I am now back from my walk. Here is what I have determined:
No reply I could write would be cruxy because my original post is not cruxy with respect to my personal behavior.
I believe the correct thing for me to do is to advocate for slowing down AI development, and to donate to orgs that cost-effectively advocate for slowing down AI development. And my post is basically irrelevant to why I believe that.
So why did I write the post? When I wrote it, I wasn’t thinking about cruxes. It was just an argument I had been thinking about that I’d never read before, and I thought someone ought to write it out.
And I’m not sure exactly who this post is a crux for. Perhaps if someone had a particular combination of beliefs about
the probability that slowing down AI development will work
the probability that bootstrapped alignment will work
where they’re teetering on the edge between “slowing down AI development is good” and “slowing down AI development is bad because it prevents bootstrapped alignment from happening”. My argument might shift that person from the second position to the first. I don’t know if any such person exists.
This is most relevant to slowing down AI development at particular companies—say, if DeepMind slows down and gets significantly surpassed by Meta, then Meta will probably do something that’s even less likely to work than bootstrapped alignment. But a global coordinated slowdown—which is my preferred outcome—does not replace bootstrapped alignment with a worse alignment strategy.
Even though it’s not cruxy, I feel like I should give an object-level response to your comment:
I agree with the denotation of your comment because it is well-hedged—I agree that 5% of resources might be enough to solve alignment. But it probably won’t be.

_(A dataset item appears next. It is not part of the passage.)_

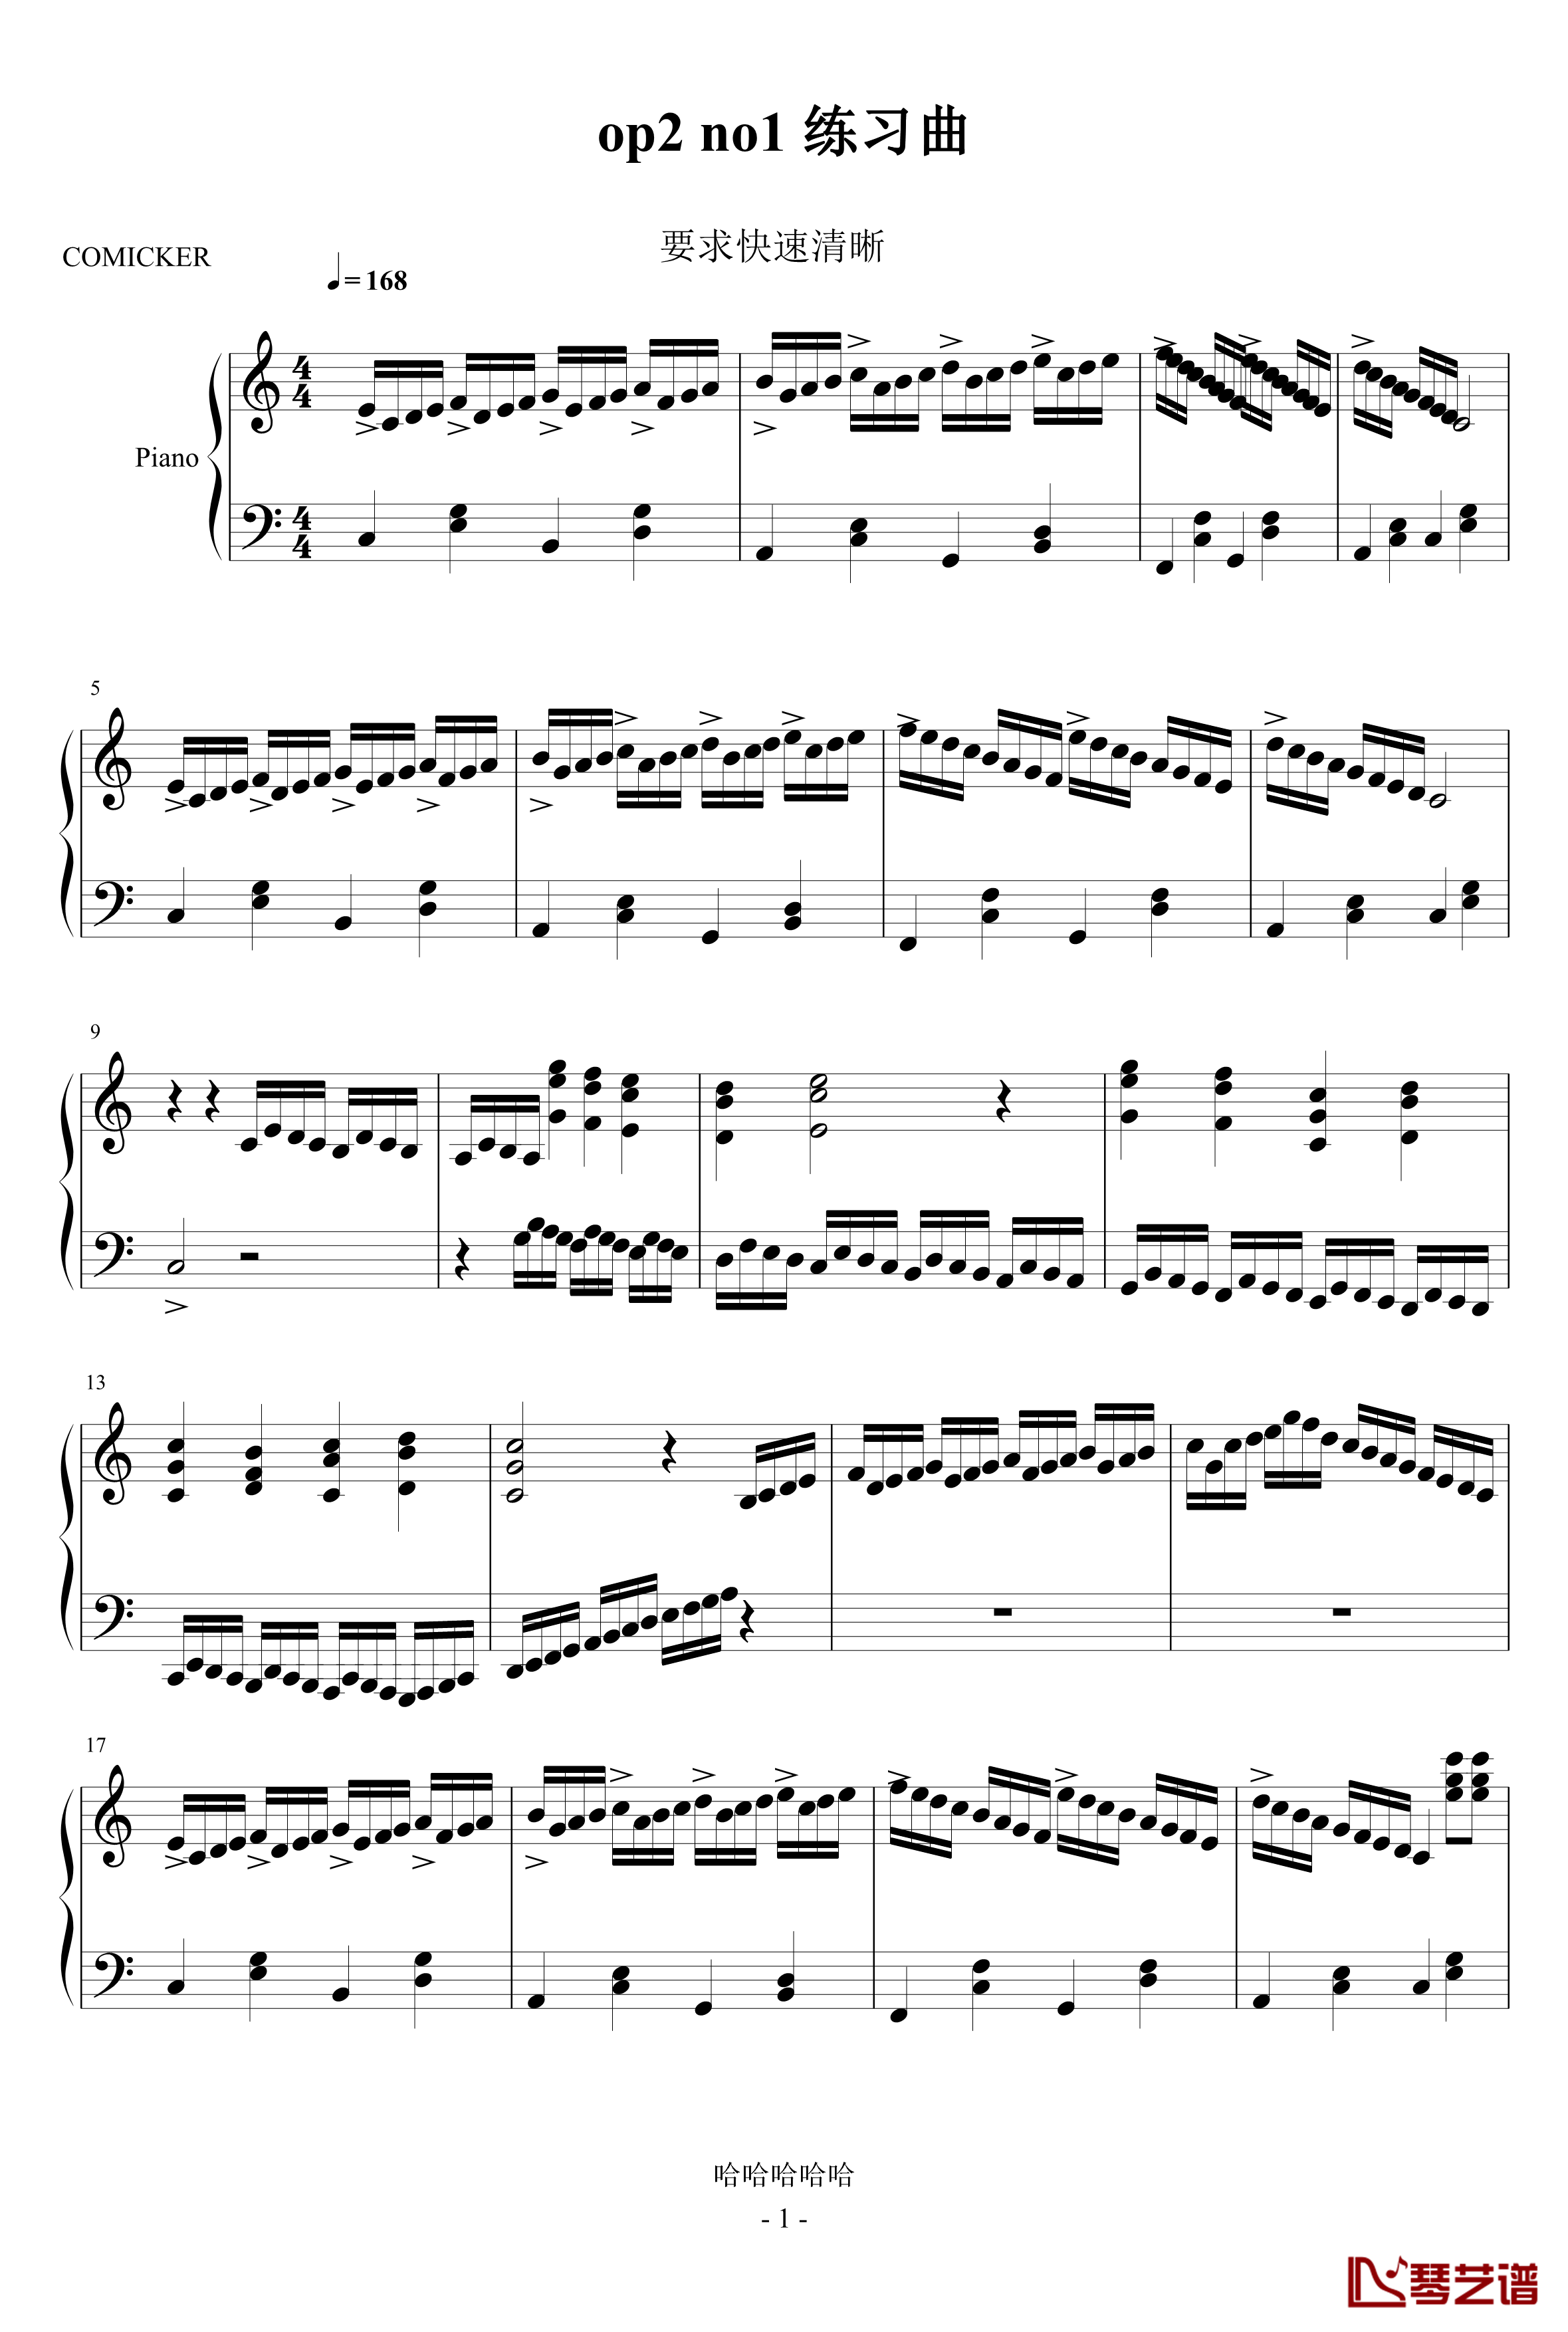 OP2 NO1练习曲钢琴谱-COMICKE1

I think my biggest concern isn’t that AI alignment has no scalable solutions (I agree with you that it probably does have them); my concern is more that alignment is likely to be too hard / get outpaced by capabilities and we will have ASI before alignment is solved.
Not to say I disagree (my intuition is that theoretical approaches are underrated), but this contradicts AI companies’ plans (or at least Anthropic’s). Anthropic has claimed that they need to build frontier AI systems on which to do safety research. They seem to think they can’t solve alignment with theoretical approaches. More broadly, if they’re correct, then it seems to me (although it’s not a straightforward contradiction) that alignment bootstrapping won’t have significant advantages to scale because they will need increasing amounts of compute for alignment-related experiments.
FWIW I think your point is more reasonable than Anthropic’s position (I wrote some relevant stuff here). But I thought it was worthwhile to point out the contradiction.
One possibility is that at some point AI products capabilities would be constrained by compute cost.
At that point, alignment “features” coule become a competitive advantage, so companies would invest much more in alignment.
I think something like “alignment features” are plausibly a huge part of the story for why AI goes well.
At least, I think it is refreshing to take the x-risk goggles off for a second sometimes and remember that there is actually a huge business incentive to eg. solve “indirect prompt injections”, perfect robust AI decision making in high stakes contexts, or find the holy grail of compute-scalable oversight.
Like, a lot of times there seems genuine ambiguity and overlap b/w “safety” research and normal AI research. The clean “capabilities”/”alignment” distinction is more map than territory sometimes.
Also, isn’t this already basically a thing?? Companies already compete to have the “special sauce”; a lot of this is post-training stuff, so massively overlaps with “alignment-coded” stuff. When does the RL post training go from being safety to “special sauce” to “alignment feature” y’know?
unfortunately, AI research is commercialized and is heavily skewed by capitalist market needs,
so it’s still going to be all in for tryinng to make an “AI office worker”, safety be damned, until this effors hit wome wall, which I think is still plausible.